Since June 2009, the CountMeOut campaign has provided a web-based facility for those who wish formally to leave the Roman Catholic Church, which it states was initiated “largely as a response to the child abuse scandals, enabling those who no longer felt they were members of the church to formally remove themselves”. However, on 8 August 2013 it announced that it would cease operations with immediate effect. In a Press Release it explains
“[t]he campaign was based on a ‘Declaration of Defection’ which could be downloaded from the website and sent to one’s local parish. The result was an annotation in the baptismal register confirming that the person had defected. In late 2010, countmeout.ie became aware of a change to Canon law which effectively removed this option. “
The 2010 changes to the 1983 Code of Canon law referred to by CountMeOut relate to the point at which Pope Benedict’s Motu Proprio, Omnium in mentum, became effective. This addressed two issues: one concerning the sacrament of holy orders in relation to deacons and the other defection from the faith. As a result of the latter, after 9 April 2010 defection as formerly provided for in Canons 1086, 1117, and 1124 no longer had any canonical effect.
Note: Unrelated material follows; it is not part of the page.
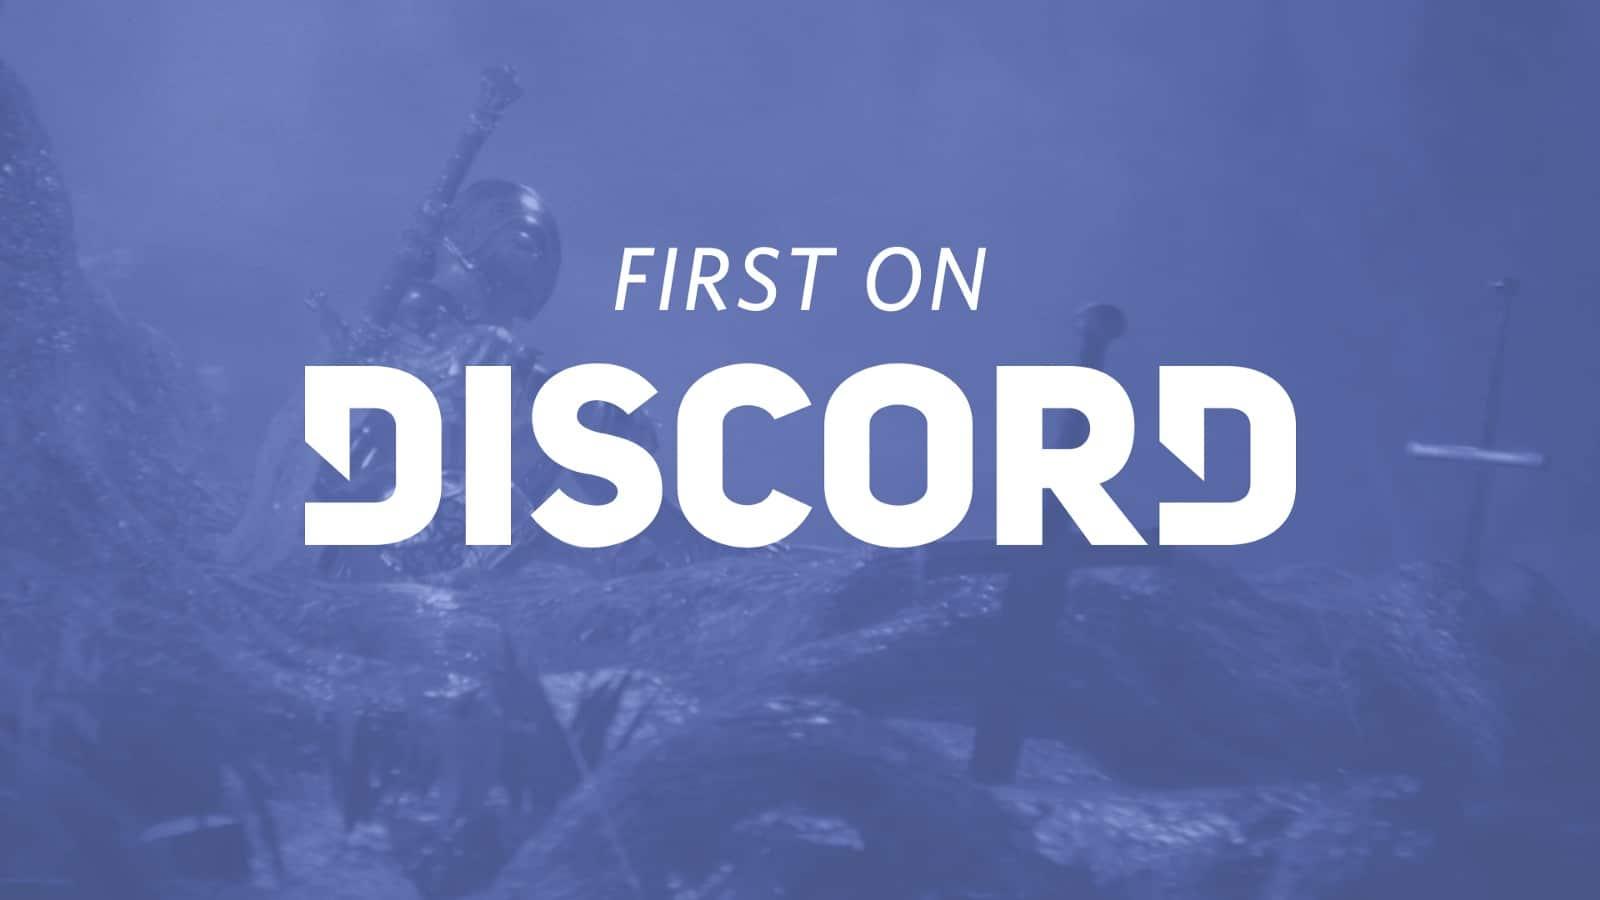 منصة Discord تفتتح متجر خاص بالألعاب 2
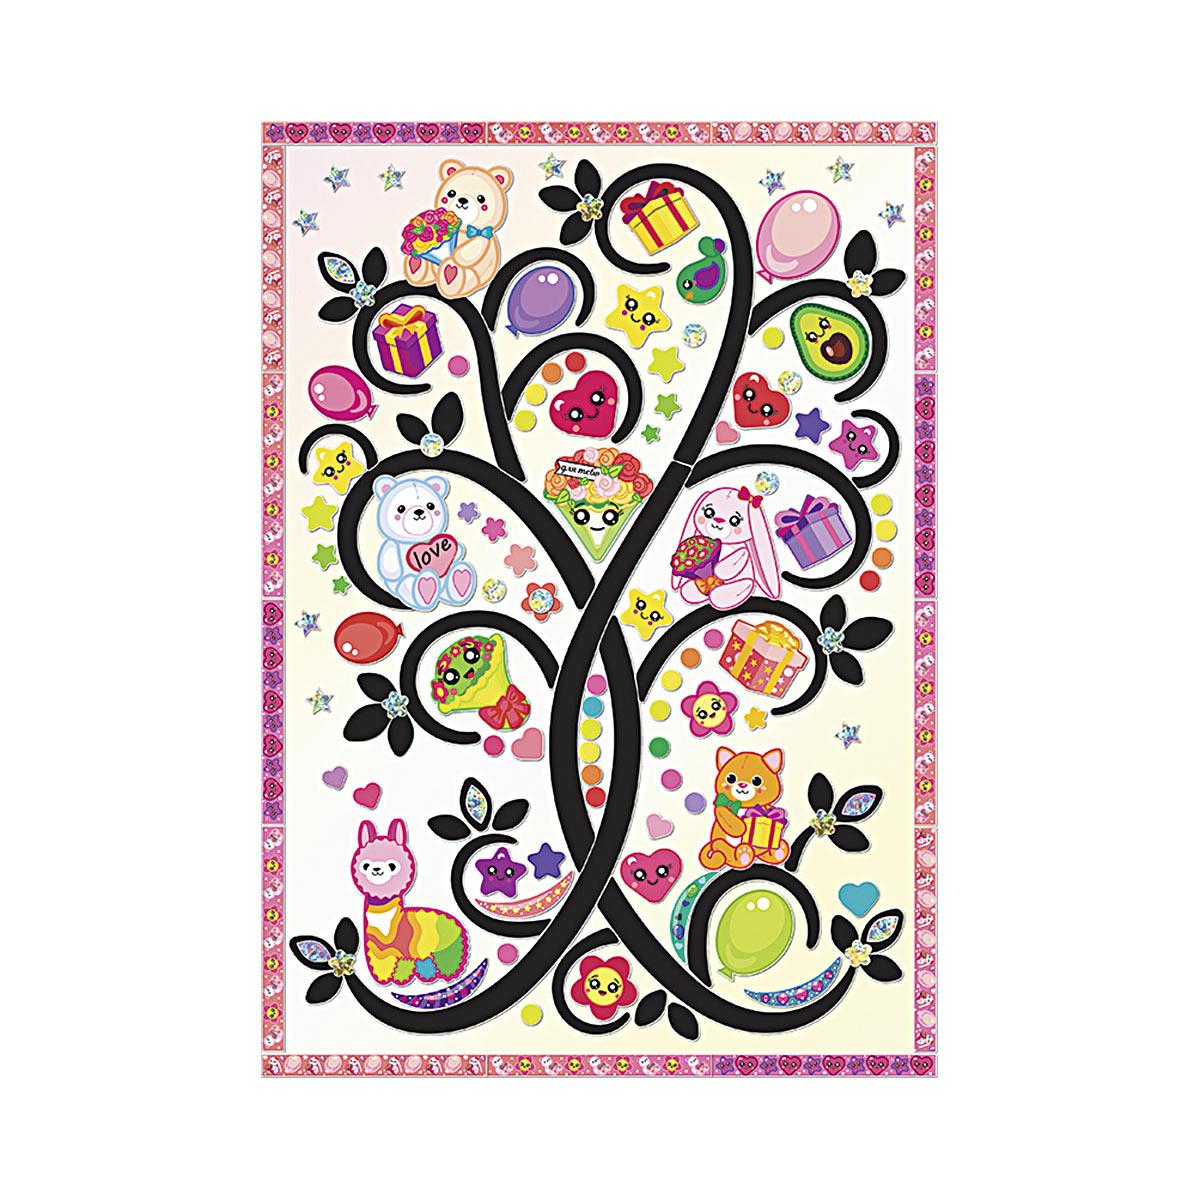 АС 43-324 Набор для изготовления картины 'Плюшевое дерево' (декорирование) 210*297 мм Клевер

Until then, these Canons provided specific exemptions in relation to marriage which had proved problematic since the introduction of the 1983 Code. The notification actus formalis defectionis ab Ecclesia catholica (2006), described these exemptions as distinct from the more conventional “virtual” forms of “notoriously” or “publicly” abandoning the faith . This document also identified the “three-step process” on which the campaign’s “Declaration of Defection” was based. Now that this exemption has been removed, all who have been baptized or received into the Catholic Church continue to be bound by merely  ecclesiastical laws under Canon 11 (CIC), i.e. semel baptizatus semper baptizatus.
Subsequently CountMeOut focused on alternative formal means to leave the church, such as the declaration of an “act of apostasy” and subsequent latae senteniae excommunication, relying upon Canons 751 and 1364 §1 (CIC). However, renunciation of the Christian faith is a direction few wished to follow, but a total of 16 acts of apostasy were formulated and sent to the Archdiocese of Dublin in June 2011. In addition to rejecting these 16 acts of apostasy, the group was informed a fundamental error in this approach – excommunication does not mean that a person is no longer a member of the church. Furthermore, as we discuss below, in common with ordination to holy orders, baptism once performed cannot be undone, or as it is sometimes described in the Roman Catholic Church, it makes ‘an indelible mark on the soul’.
The Archdiocese of Dublin has proposed to set up a register of those who have expressed a wish to defect but stipulates that this will have no consequence in Canon law, to which the campaign notes “[renders] it effectively meaningless to the Church”, [emphasis added].
In an earlier Press Release, the campaign stated that “many who defect via CountMeOut.ie do so as a means of protest and will be less concerned with its canonical significance”. Aside from such people, it identified three groups are potentially affected by the change in the law: those who defect in order to join another Church; those who defect, marry and then subsequently re-join; and those for whom the canonical significance of the act is important, whether or not they believe in it themselves. It also noted the parallel issue in Germany concerning payment of the Church tax – Kirchensteuer – which we have covered in an earlier post. In this case an annotated baptismal certificate was sometimes requested, and this provided a financial incentive formally to register defection. However, in other cases such a need is more questionable.
The traditional view of Trinitarian baptism, certainly in the West, is that it is a once-for-all and irreversible sacramental act: once it’s done, it’s done and there’s no going back. And not even Roman Catholics rebaptise converts who have already been baptised by the pouring-on of water accompanied by the Trinitarian formula: still less do Anglicans or the Free Churches.
The Quaker partner in this blog was baptised as an Anglican and is now a member of a Society that simply does not include baptism in its portfolio. But so what? If you don’t believe in the efficacy of baptism in the first place, why would the fact of having been baptised present a problem? And the point about wishing to have one’s departure recorded in order “to join another faith/religion” simply won’t wash: no-one would suggest even in England – let alone in Ireland where there is constitutional separation of Church and State – that one needs the formal permission of the denomination of one’s baptism in order to leave it for another.
The suspicion must be that the people who signed up to CountMeOut were somehow niggled or upset at being in some parish baptism register; but why couldn’t they just shrug it off and walk away? Since all a register does is to record what happened in a particular place at a particular time, it seems slightly strange to want to undo history. It also seems an odd way to “[t]ake a stand for church-state separation” as advocated on the masthead of CountMeOut communications.
David Pocklington and Frank Cranmer
 Canons 171, § 1.4°; 194, § 1.2°; 316, § 1; 694, § 1.1; 1071, § 1, 4° and § 2
 i.e. “laws that impose obligations, command or forbid, and those which subjects of the law are bound; not laws that confer rights or divine laws that bind everyone”.